> [Data]
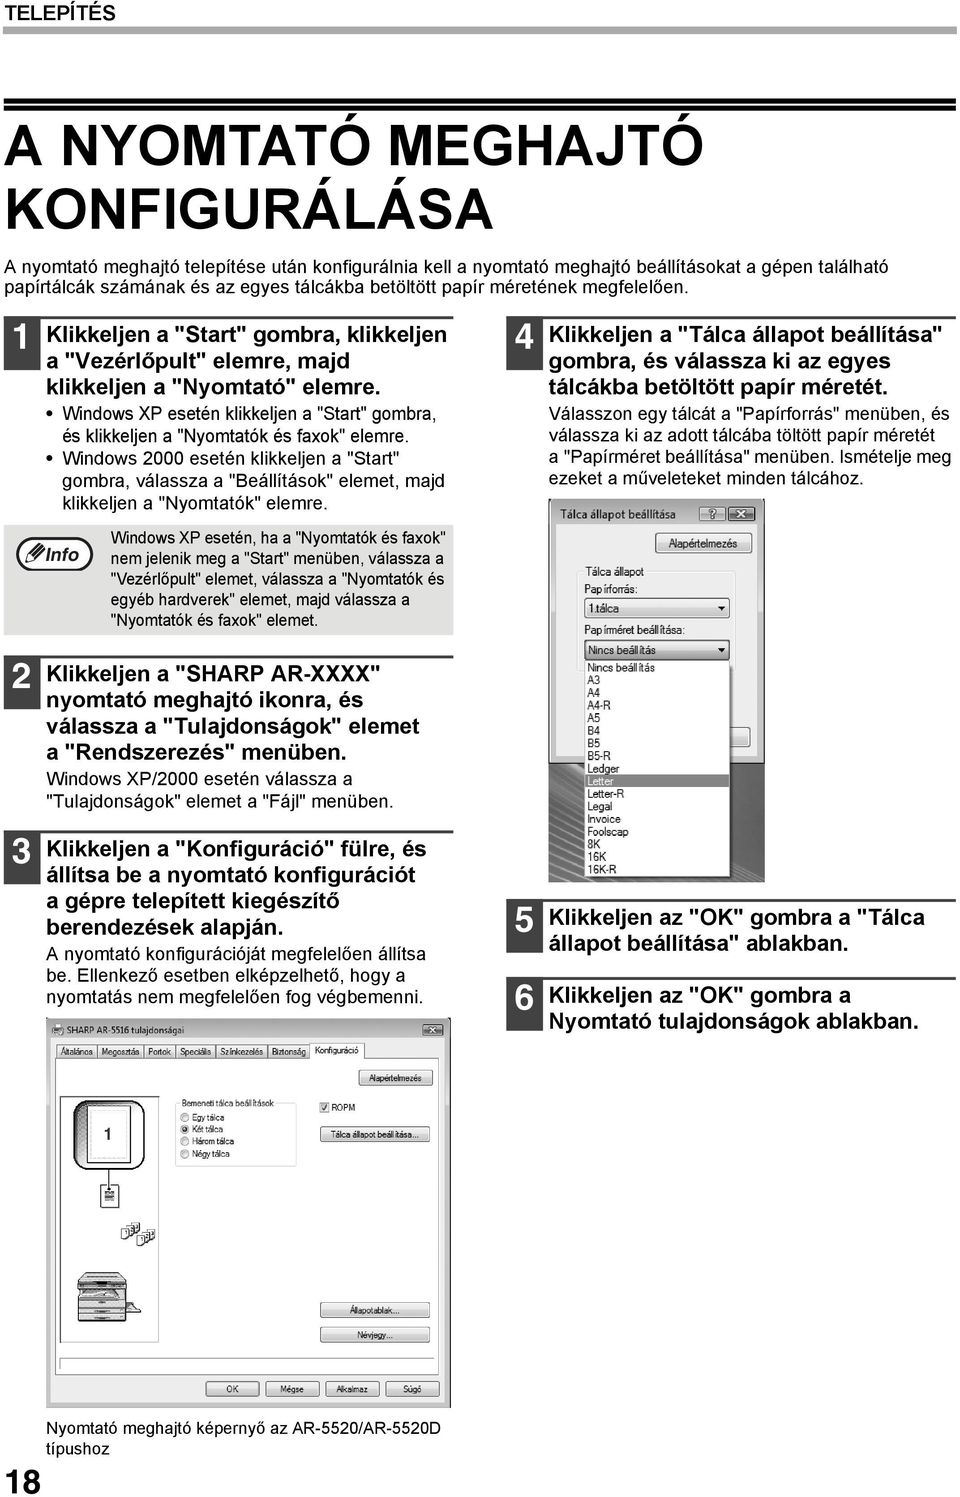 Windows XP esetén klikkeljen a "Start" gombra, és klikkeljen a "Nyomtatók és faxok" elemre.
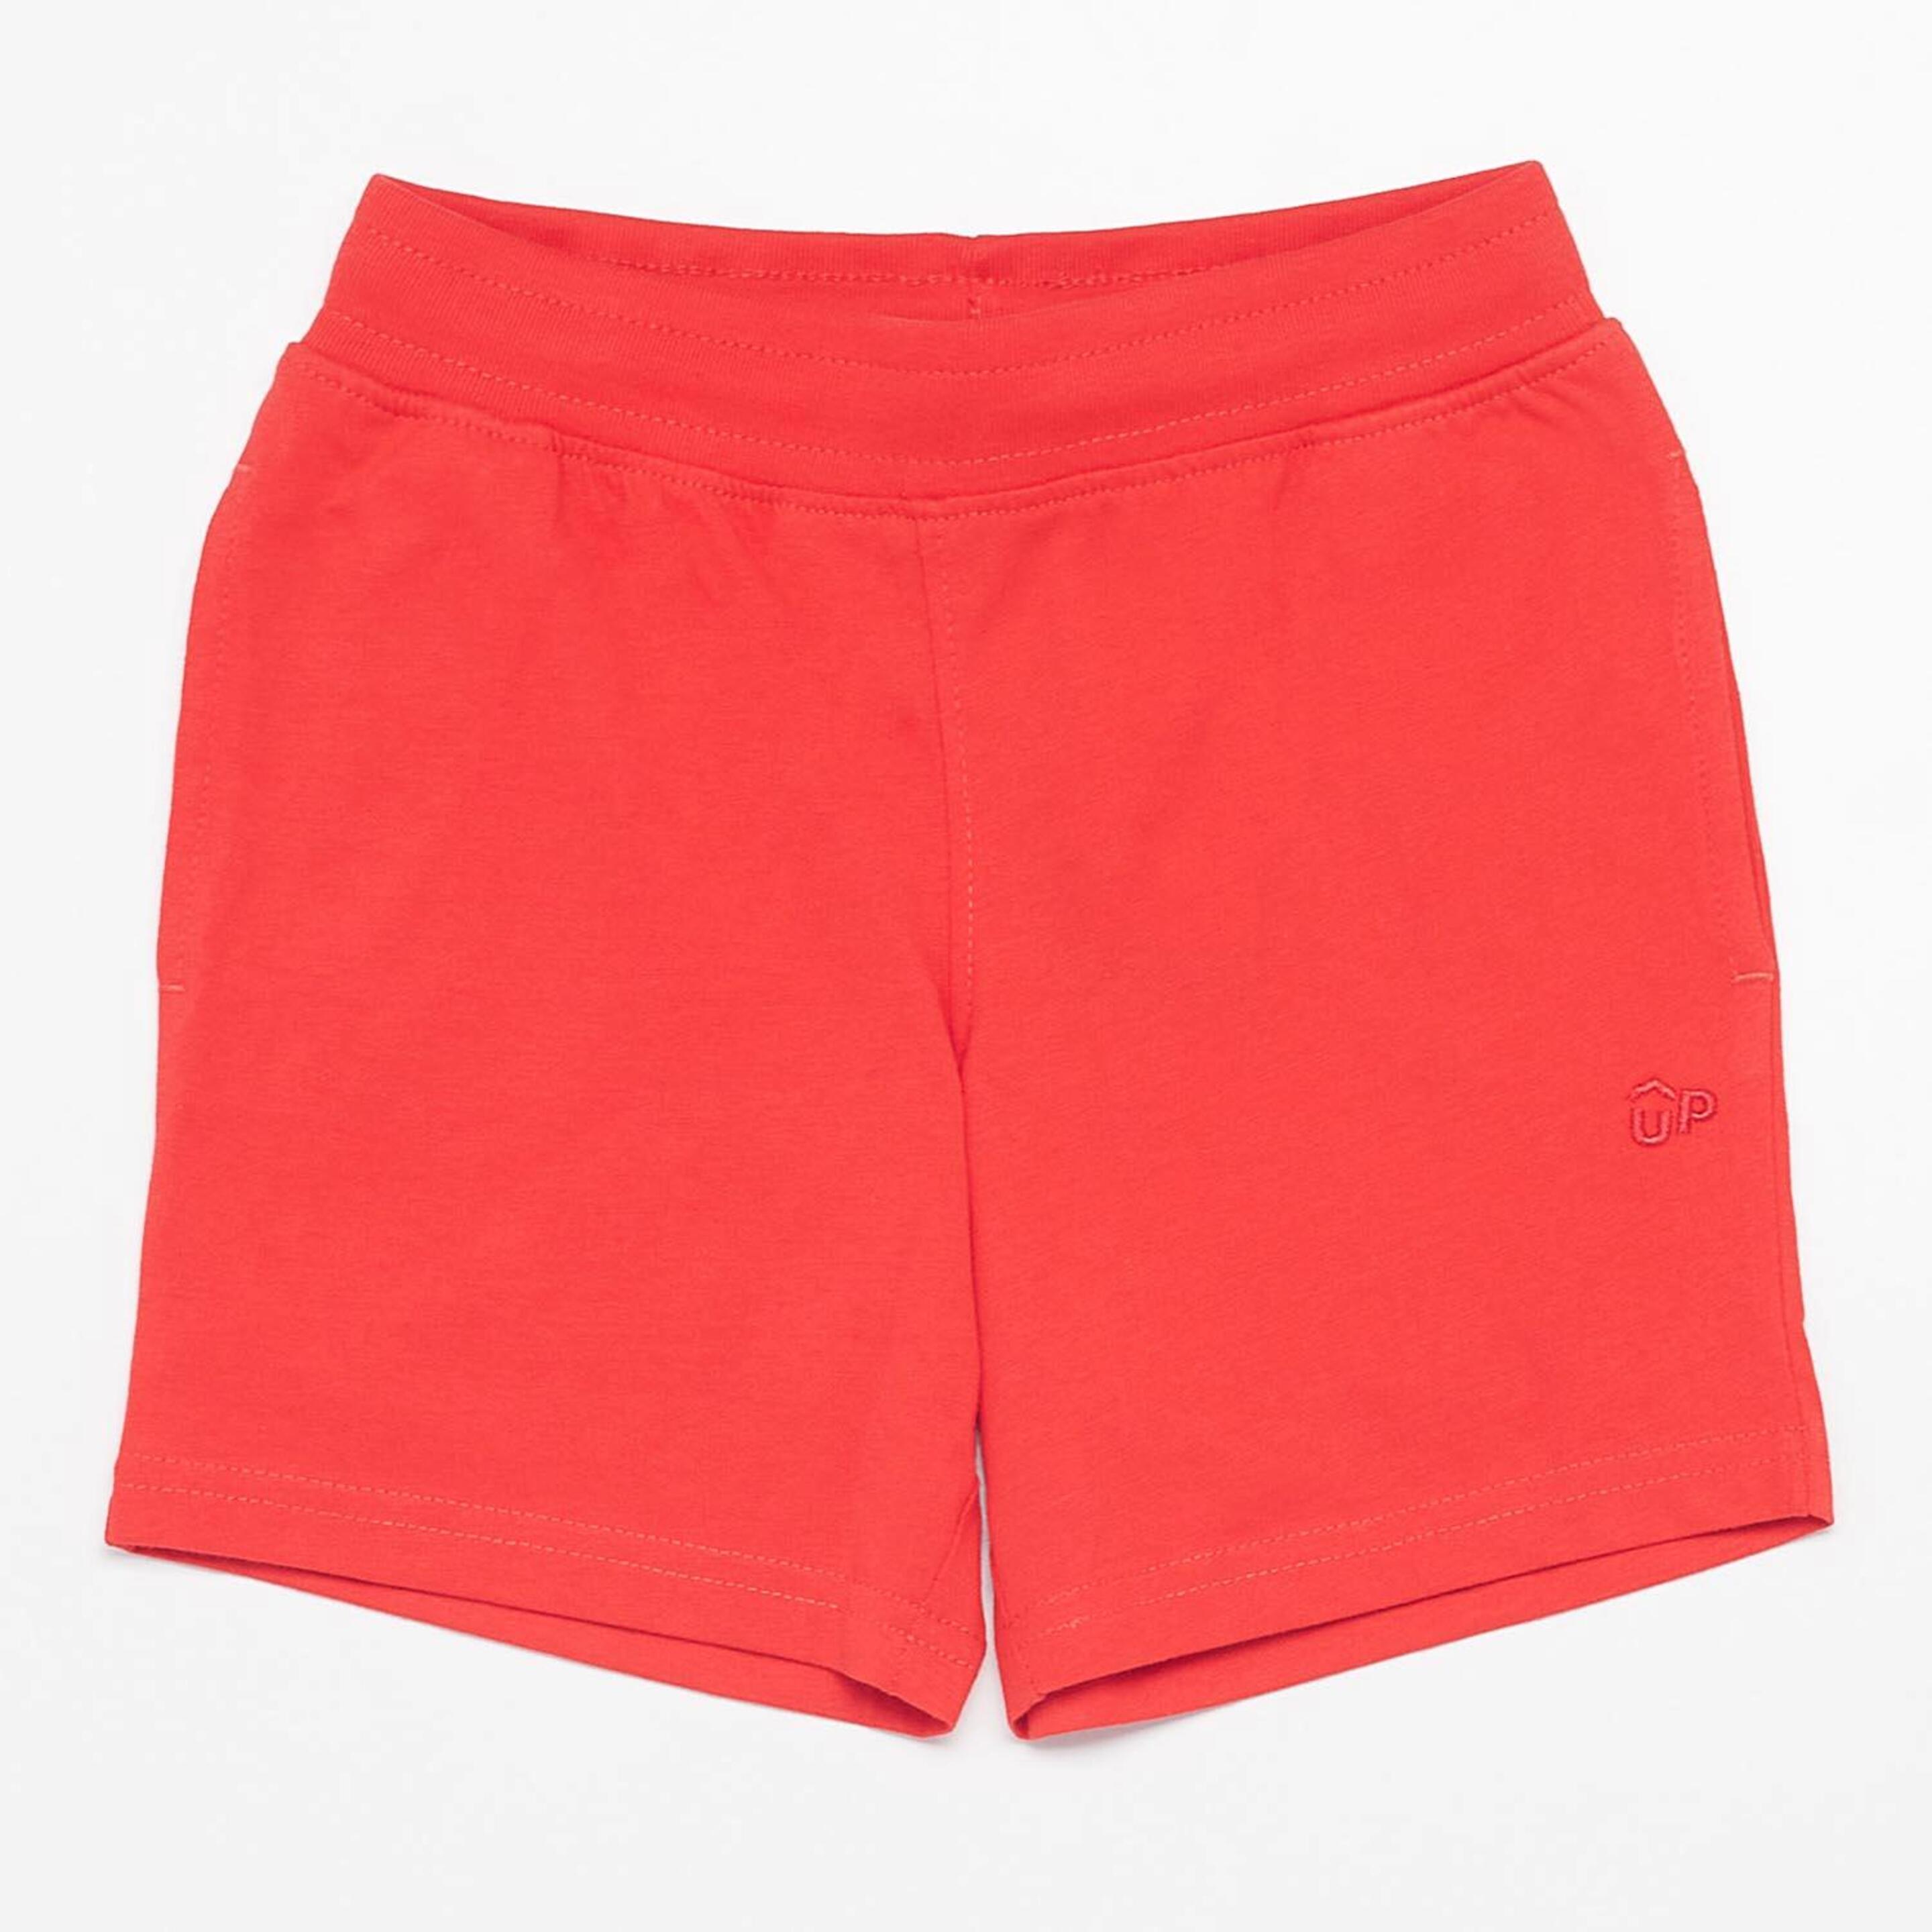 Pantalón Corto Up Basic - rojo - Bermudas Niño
...
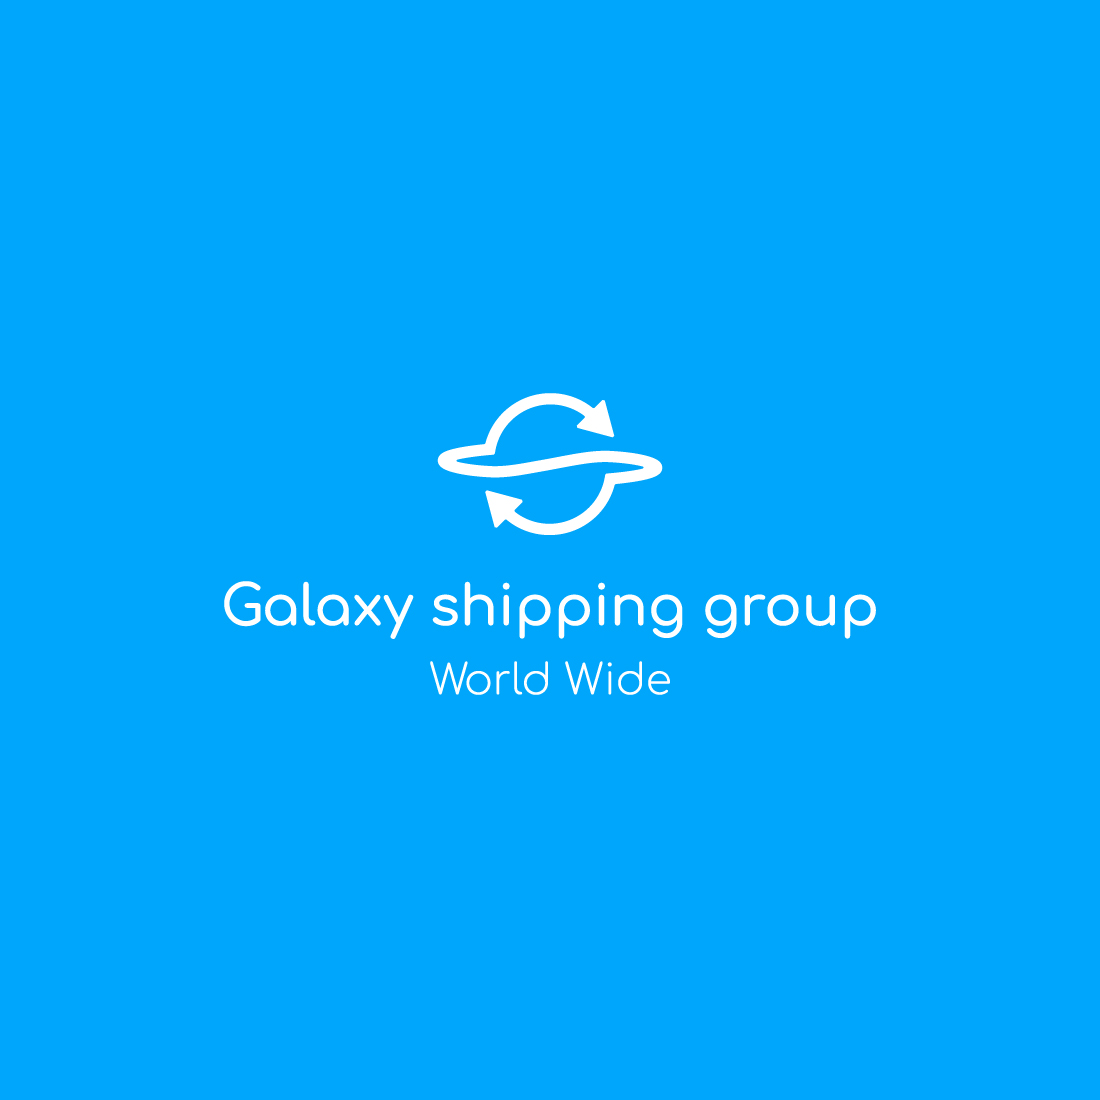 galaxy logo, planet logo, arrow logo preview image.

> [Task brief] Using the entries above, repeat exactly the lines from the one with "Windows XP esetén" to the one with "Pantalón Corto Up", both included, and leave the pictures behind.

> [Expected answer]
 Windows XP esetén klikkeljen a "Start" gombra, és klikkeljen a "Nyomtatók és faxok" elemre.
 Pantalón Corto Up Basic - rojo - Bermudas Niño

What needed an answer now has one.